ML or NJ-MCL? A comparison between two robust phylogenetic methods (original) (raw)

Large-scale gene sequencing gives an opportunity to reconstruct the tree of life and histories of multigene species phylogenies from very large datasets. A primary need for reconstructing large-scale phylogenies is a computationally efficient and accurate method. Current efforts to achieve such a goal include NJ-MCL 2 described by Tamura et al. (2004; 2007), an algorithm based on maximum likelihood (ML) and neighbor joining (NJ) algorithms. Although it has been reported that the NJ-MCL method performs better than the NJ method, studies comparing the accuracy of the ML and NJ-MCL methods are lacking. Here, accuracy of the NJ-MCL and the ML methods are examined.

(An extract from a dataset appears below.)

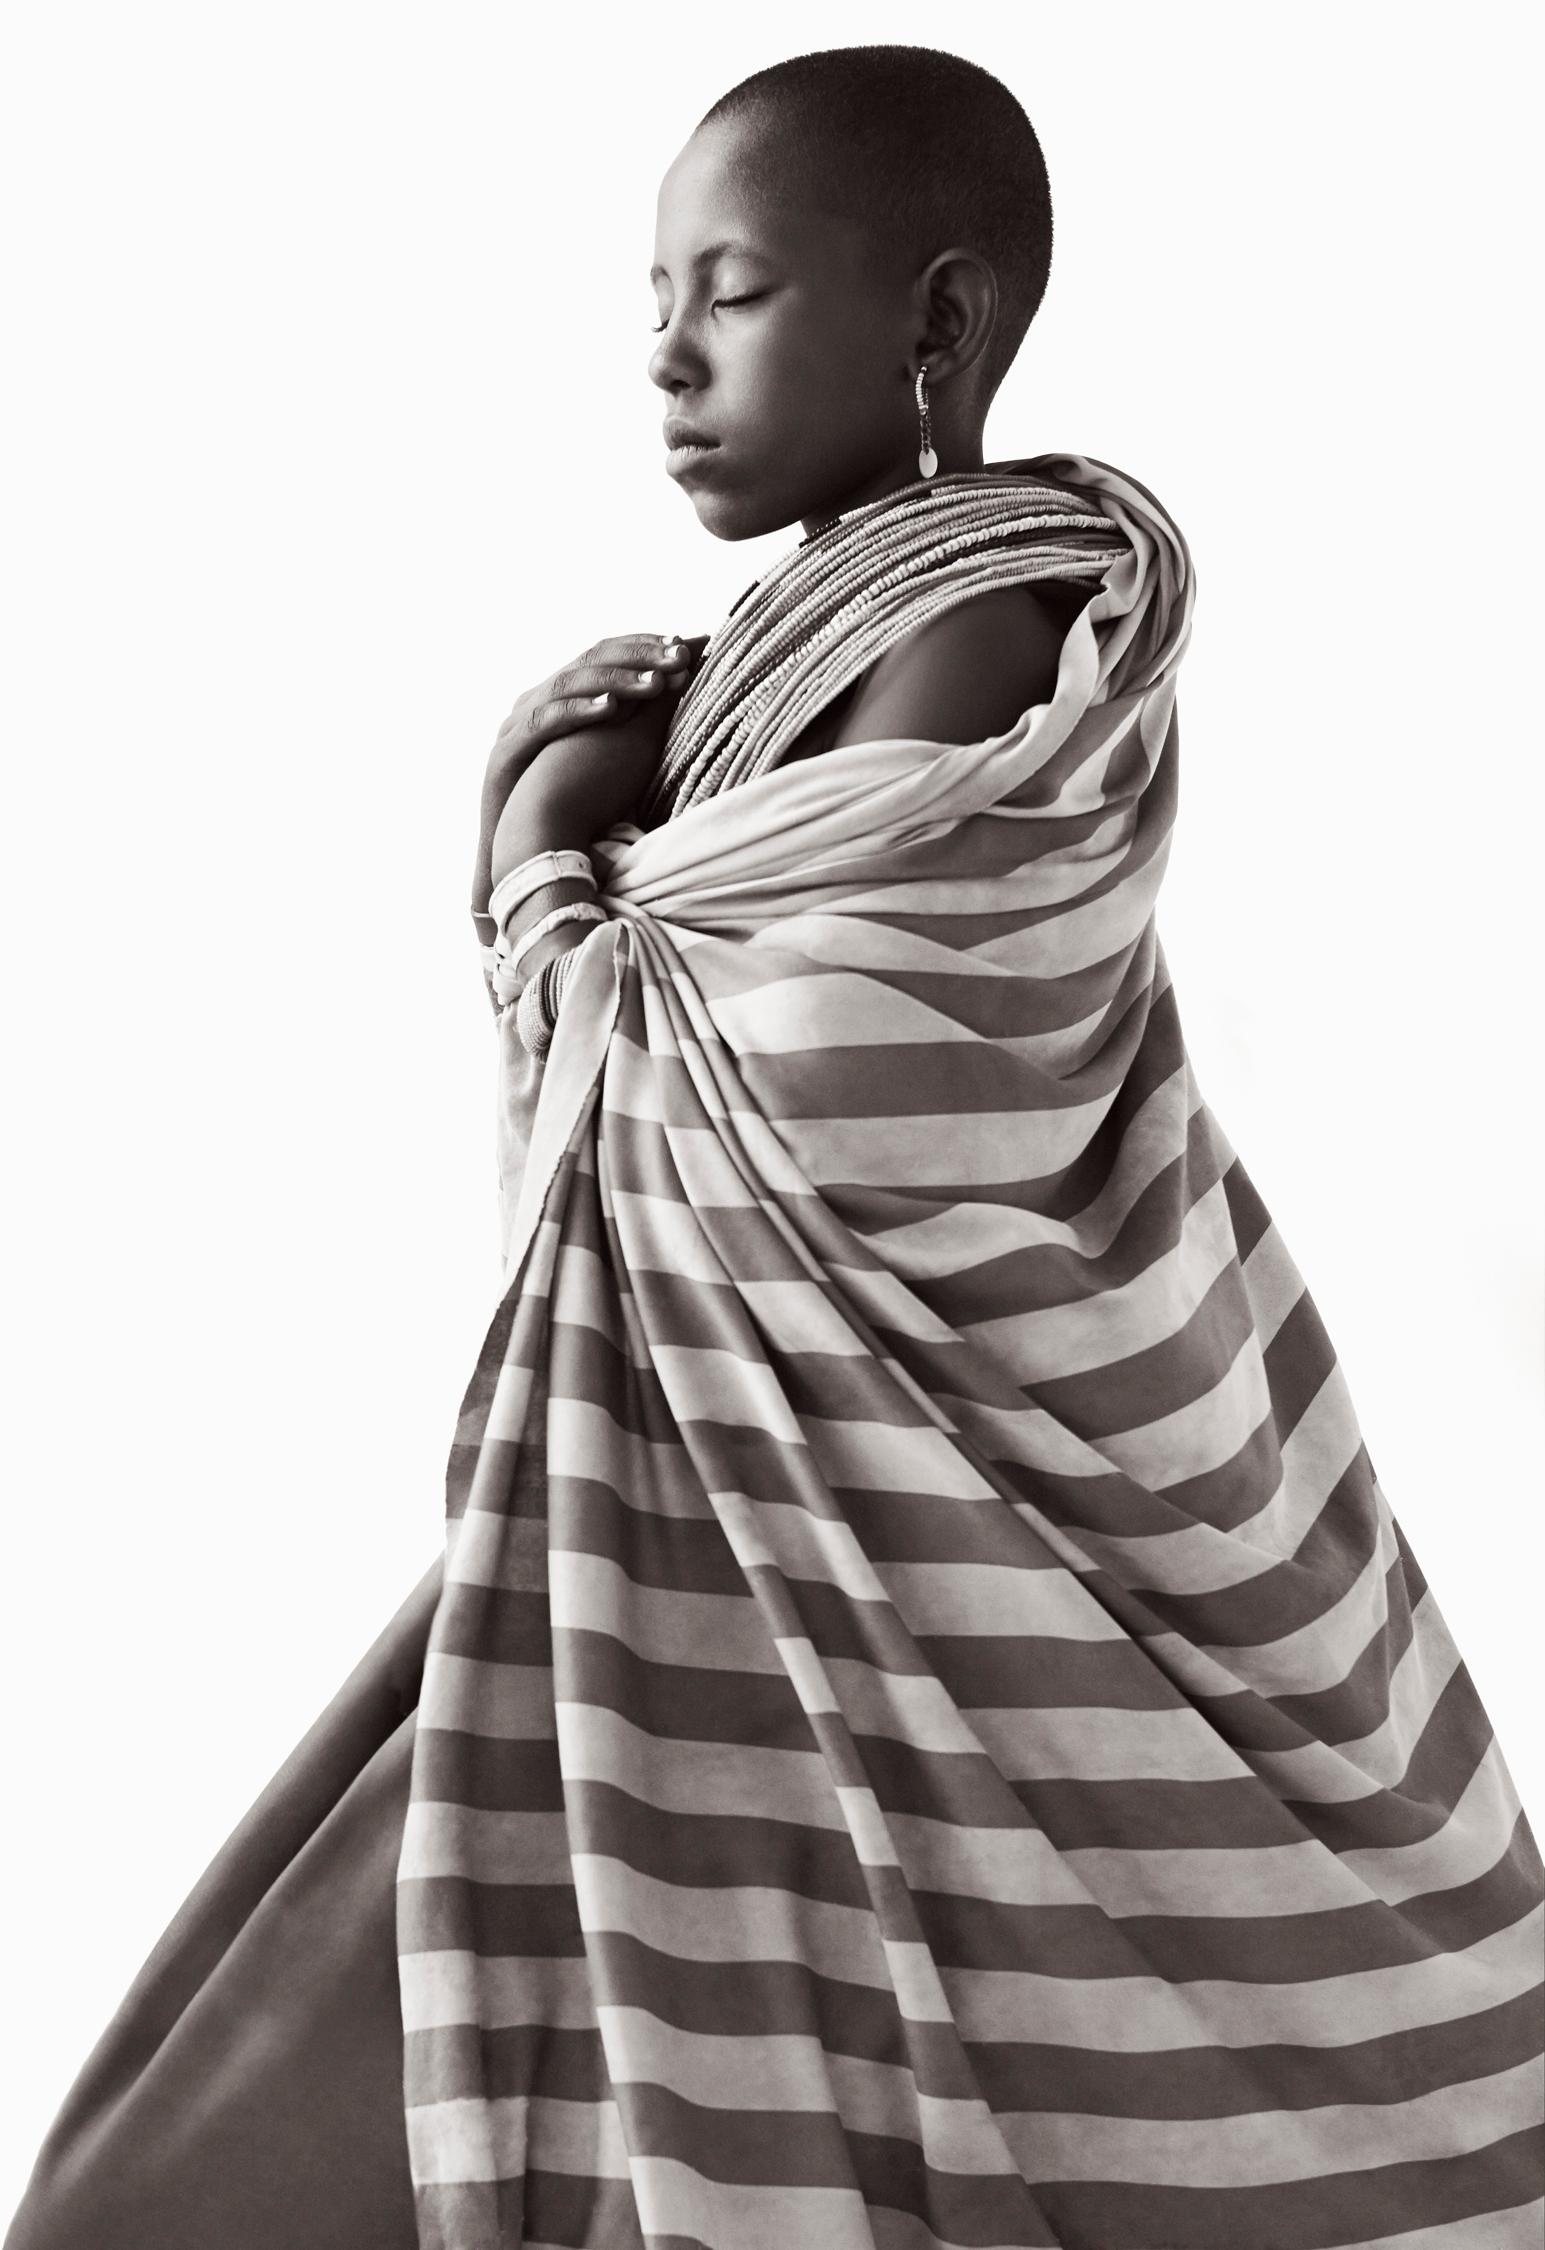 Drew Doggett Black and White Photograph – Adato, eine junge Frau aus Rendille, ist eine Vision von Ruhe und Ruhe.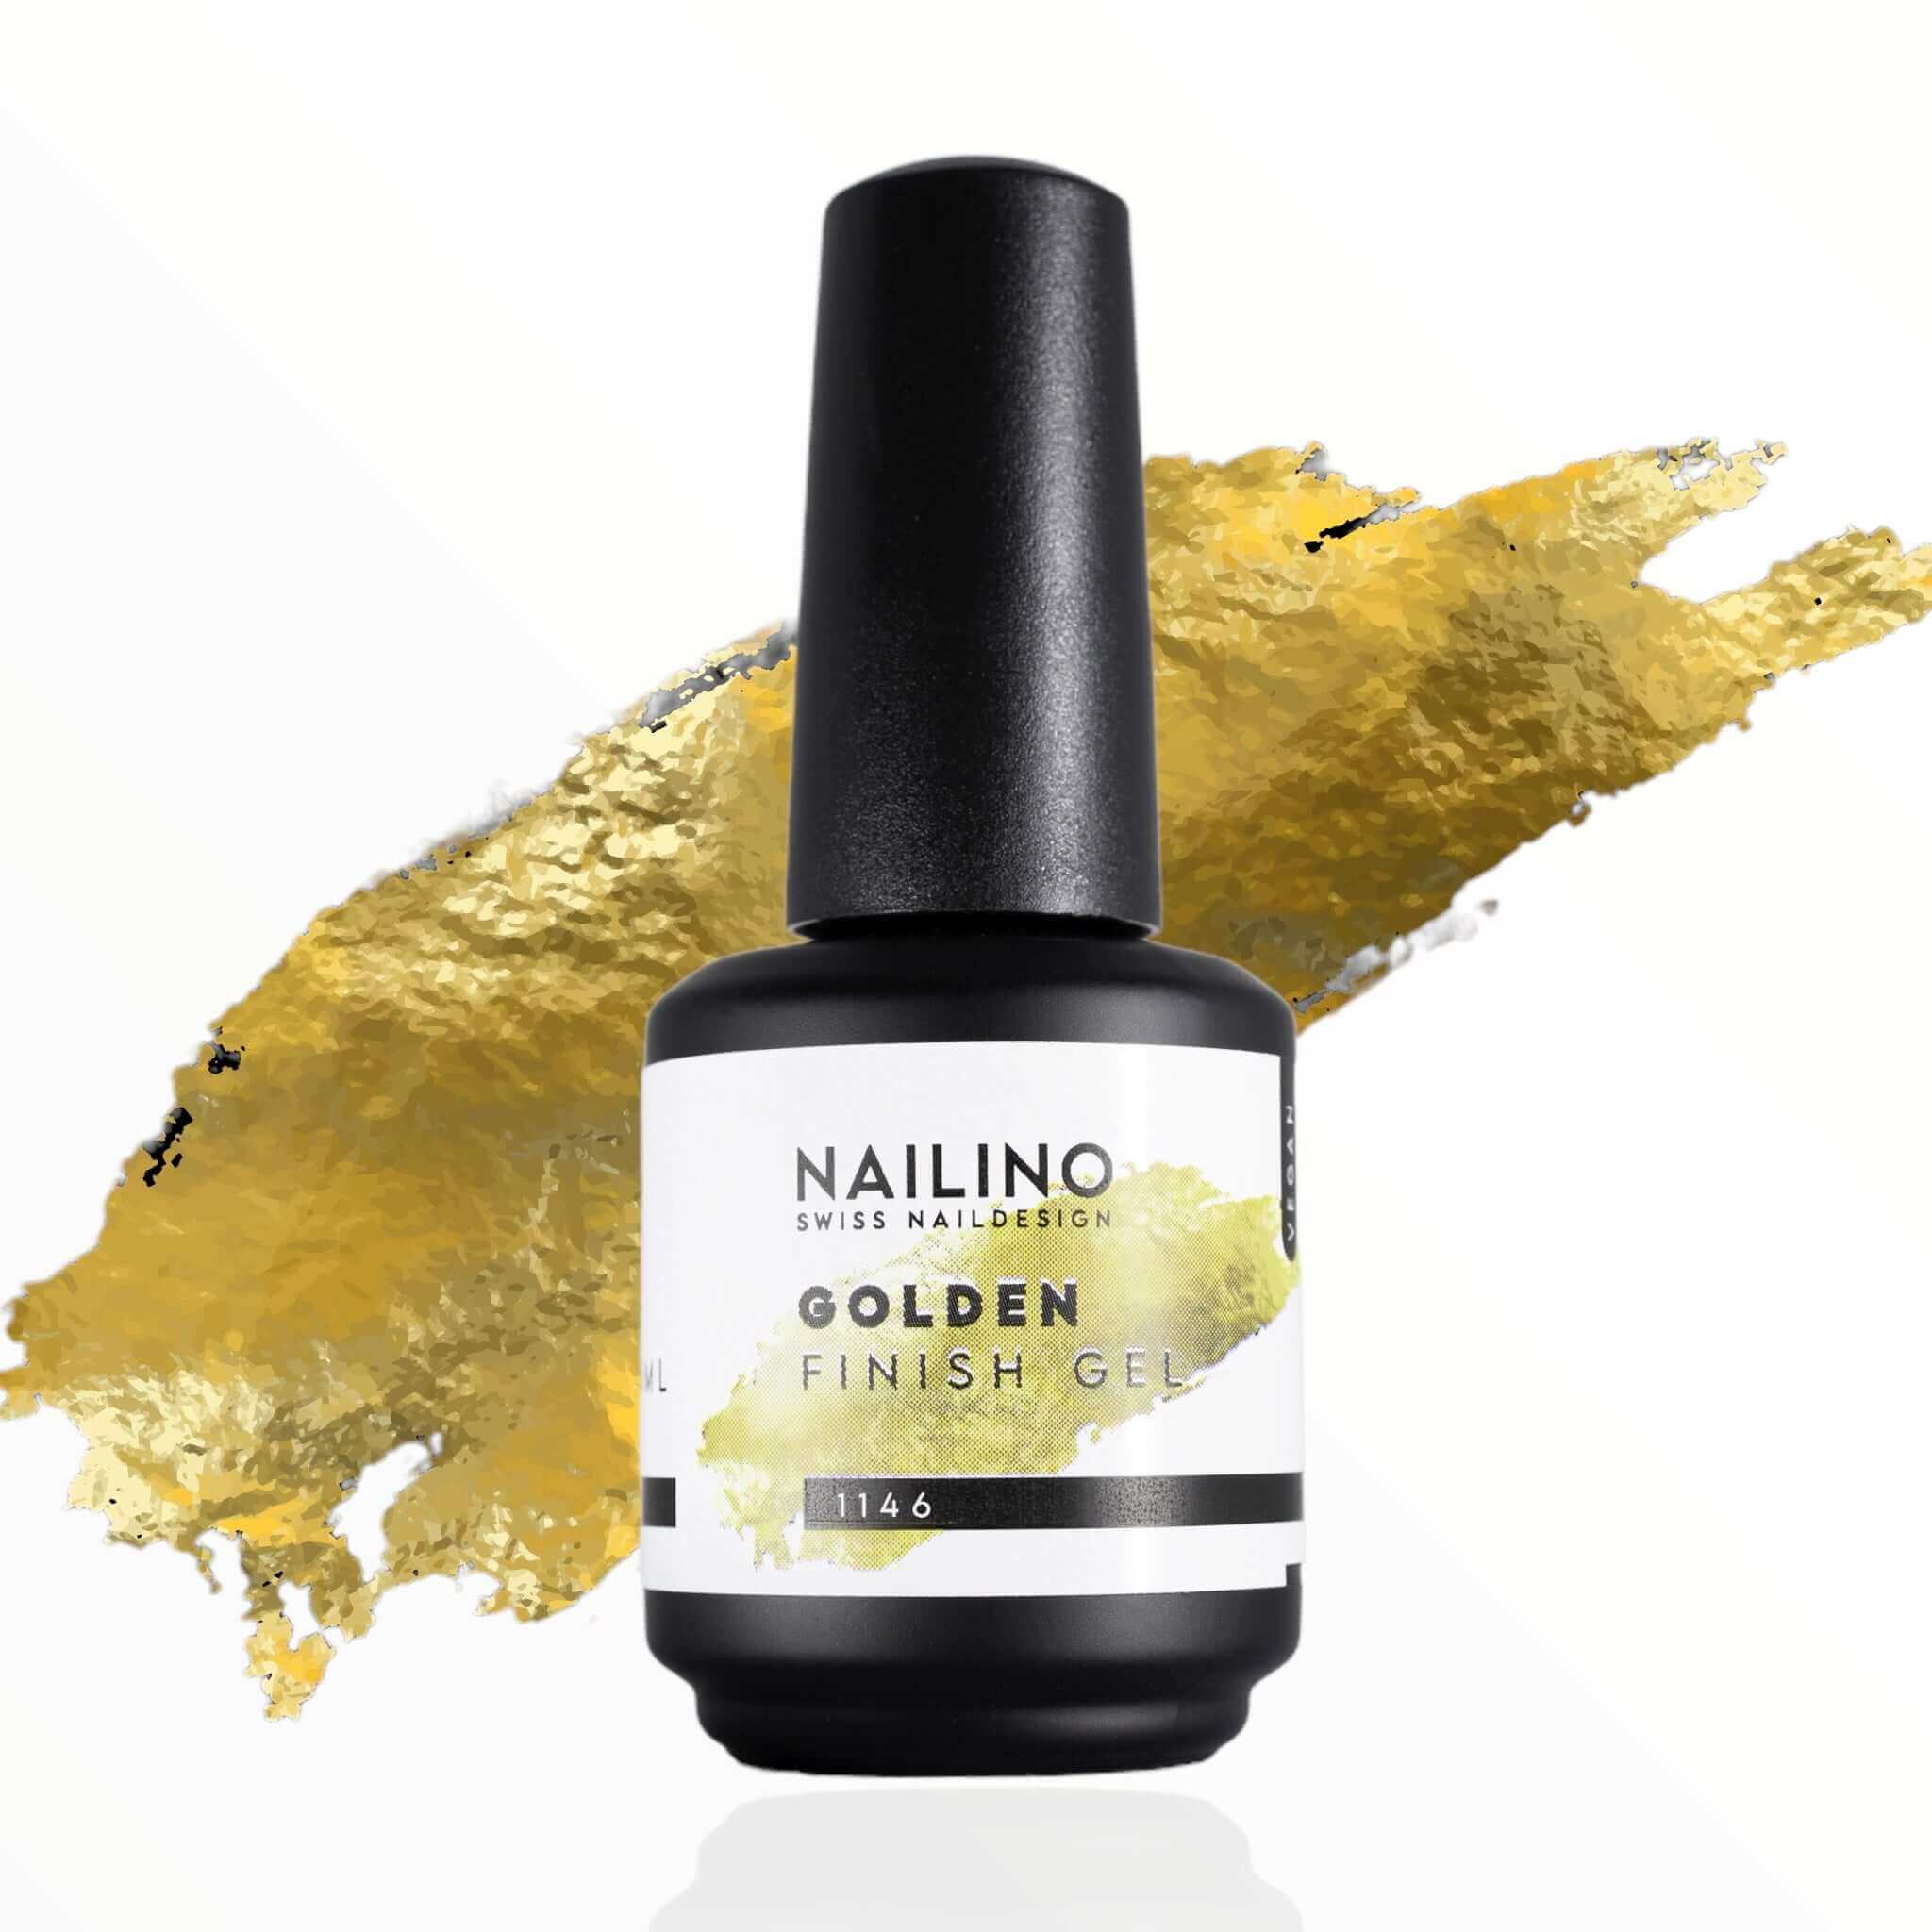 NAILINO Finish Gel Golden Gloss Versiegelungsgel

The concatenation approach (by progressive addition of genes) is used in a biologically realistic computer simulation to infer the accuracy of the methods. Simulation results clearly show that although NJ-MCL is computationally efficient and outperforms NJ method, the ML method is clearly much more accurate than the NJ-MCL method. The results encourage the use of the ML algorithm where datasets include up to several hundred species, but for reconstructing grand-scale phylogenies (i.e., where several thousand of taxa are included) NJ-MCL is preferred.